Muriel Spark’s The Prime of Miss Jean Brodie tells the story of the titular character, an unconventional teacher at a conventional girls’ school in Edinburgh, Scotland in the 1930’s, in her self-proclaimed “prime.” She gathers a group of students around her, known as the “Brodie Set,” and not only opens their minds to experiences outside the traditional curriculum, but involves them in her personal affairs, as well. Miss Jean Brodie is an exquisitely complex character: she is a teacher who wants to enlighten her students but is also deeply narcissistic, self-centered, and self-righteous, frequently admonishing her students that “if only you small girls would listen to me I would make of you the crème de la crème.” The “set” becomes a reflection of her own ego, and she wields them as pawns in her love affairs and ultimately encourages one of them down a deadly path.
Written in 1961, this “modern” classic combines the best of contemporary story-telling techniques with throwbacks to 19th century style. The prose is traditional and lucid, without the verbosity of many earlier classics or the lyrical mumbo-jumbo of some contemporary books. On the first page, in a clear and satisfying style that characterizes the book, Spark tells the reader, “The girls could not take off their Panama hats because this was not far from the school gates and hatlessness was an offence.”
The sharp, brisk dialogue is reminiscent of Jane Austen, as it wittily exposes the absurdities of the characters. Readers know Miss Brodie through her words; they hear her voice and understand her character instantly. Take, for example, this exchange between Miss Brodie and one of her “small girls”:
“I must tell you about the Italian paintings I saw. Who is the greatest Italian painter?”
“Leonardo da Vinci, Miss Brodie.”
“That is incorrect. The answer is Giotto, he is my favourite.”

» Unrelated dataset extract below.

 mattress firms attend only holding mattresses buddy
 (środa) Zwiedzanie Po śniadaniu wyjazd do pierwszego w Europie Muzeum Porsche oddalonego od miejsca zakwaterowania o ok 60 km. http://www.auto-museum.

“Attend to me, girls. One’s prime is the moment one was born for. Now that my prime has begun – Sandy, your attention is wandering. What have I been talking about?”
“Your prime, Miss Brodie.”
Such dialogue is delicious, and perfectly conveys Miss Brodie’s essence. It is vibrant and fresh, yet reminiscent of a comedy of manners.
Though rooted in classic prose and dialogue born of an earlier time, Sparks makes masterful use of experimental flash-forwards, seamlessly weaving the present action with haunting scenes of the future: “Mary McGregor, lumpy, with merely two eyes, a nose and a mouth like a snowman, who was later famous for being stupid and always to blame, and at the age of twenty-three lost her life in a hotel fire, ventured, ‘Golden.’” Spark uses this technique to reveal that Miss Brodie will be “betrayed” by one of her own set, but does not reveal the culprit until the last pages, creating one of the book’s main points of intrigue.
The concept of this book remains unique to this day, taking the stock character of the inspirational teacher and showing its darker potential for abuse of power. Miss Brodie is brilliant and magnetic yet dangerous as a cult-leader, surrounding herself with blind followers. As she says, “Give me a girl at an impressionable age, and she is mine for life.” Spark’s characterization of the girls, following them from ages 10 to 17, captures the innocent loyalty and obsession with their dramatic and poetic teacher that makes them so easily manipulated. The narration is from the girls’ perspective, particularly Sandy’s, and this allows the readers to see Miss Brodie from the girls’ awed point-of-view.
Rooted in classic prose, yet bursting with ingenious story-telling techniques and fascinating characters, this short book is compelling and engrossing. Any modern day reader will find it to be “the crème de la crème.”